Snapshot Bloat

Hi!

I'm attempting to snapshot my logstash files on EC2 and back them up to an S3 repository. I only have a single dev EC2 instance with dummy data (my prod has multiple instances). I only have a single node for this repo (as confirmed by the `curl -XPOST 'http://localhost:9200/_snapshot/snapshot_name/_verify' command. When I tell curator to make the snapshot, it appears to run correctly, but the disk usage on the S3 is HUGE relative to the original logstash.

For instance, for a given EC2 logstash directory (/logstash-2015.09.28/) that has a du of 164KB, the du on S3 (s3://mys3bucket/snapshots/elasticsearch_backup/indices/logstash-2015.09.28/) is 305MB!

I assume this is not expected behavior? What could be causing this and how do I fix it?

Thanks!

Do you only have a single Elasticsearch node? Also, there is metadata that needs to be stored in the event of a restore.

Hi Aaron, thanks for the response.

That is correct: this cluster is just a single node.

I understand about the metadata, but I do have it set to 'compress: true' in the yml. I wouldn't expect that the metadata be 900x the size of the actual data. I've also only done about four or five manual snapshots, so it's not like thousands and thousands of metadata files are stacking up.

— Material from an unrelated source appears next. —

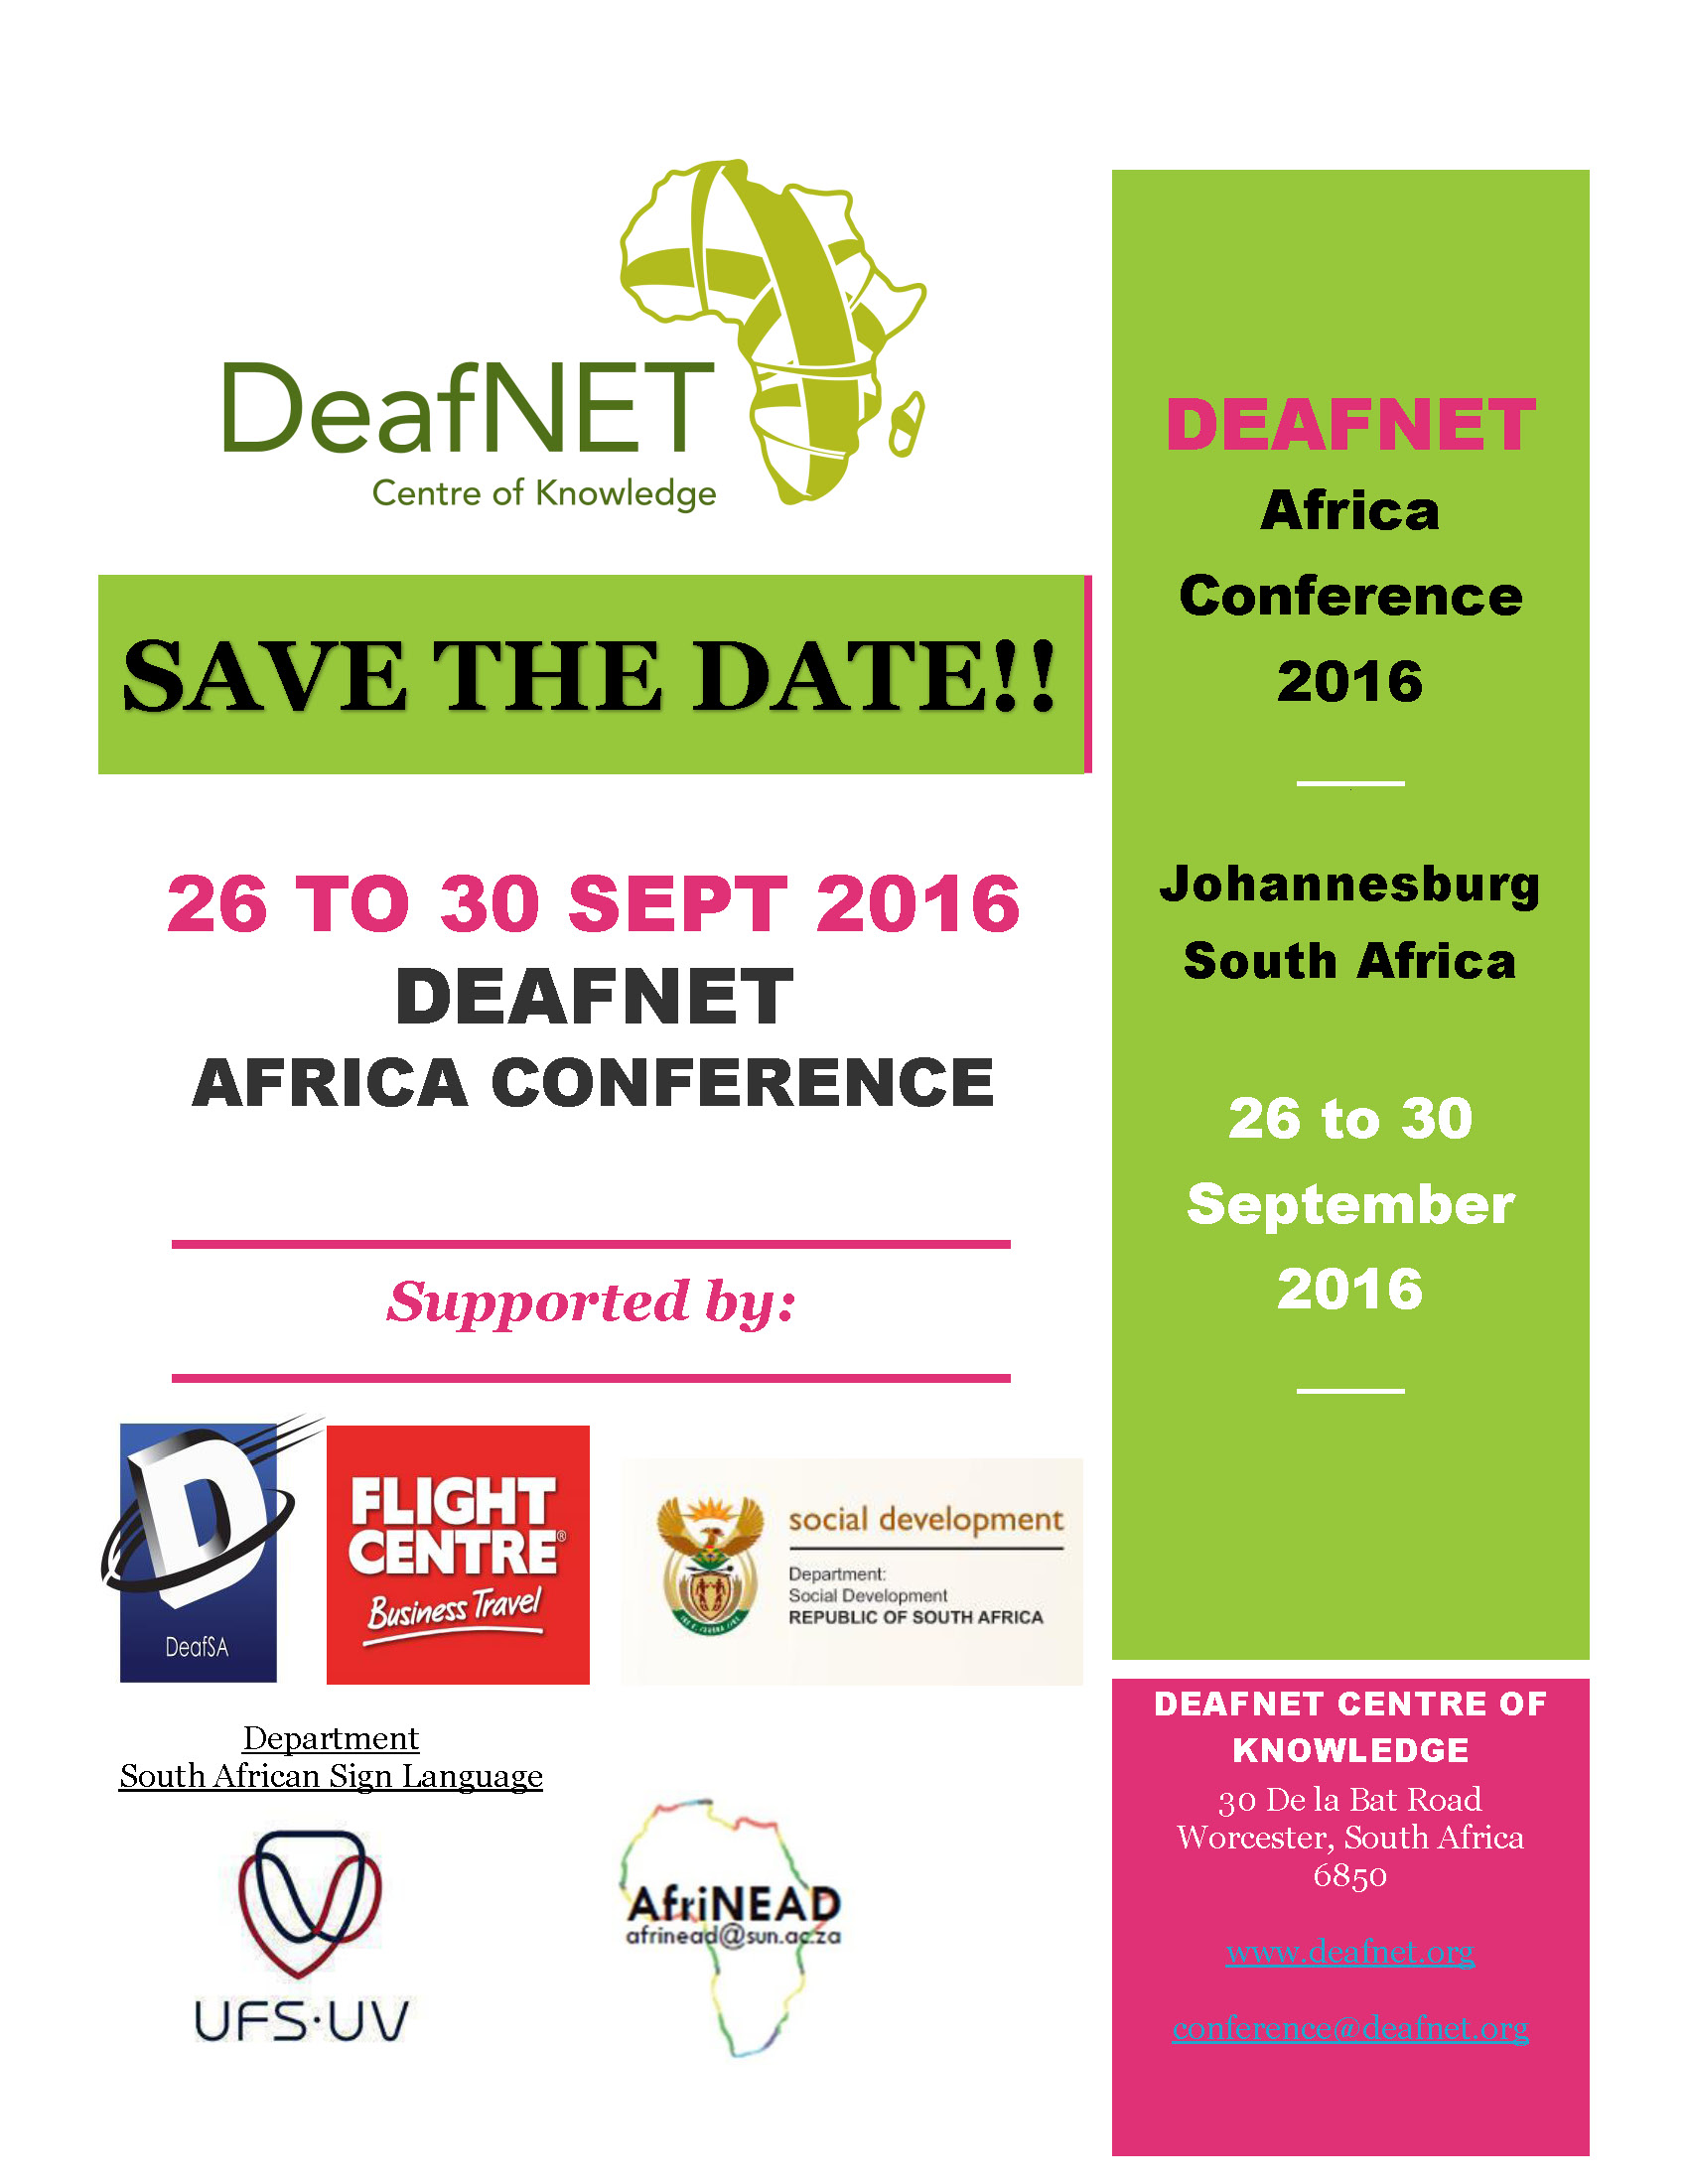 deafnet-save the date - africa conference

For what it's worth, I am using an older version (1.4.4), is this simply an old issue?

Is there anything else that I should investigate?

See: Snapshot module | Elasticsearch Guide [8.11] | Elastic

Specifically:

By setting include_global_state to false it’s possible to prevent the cluster global state to be stored as part of the snapshot.

It may be that the index metadata (which include mapping and other information) and the cluster state are part of the size you're seeing. Without digging into what's actually been stored, these are things I know are stored by default with snapshots.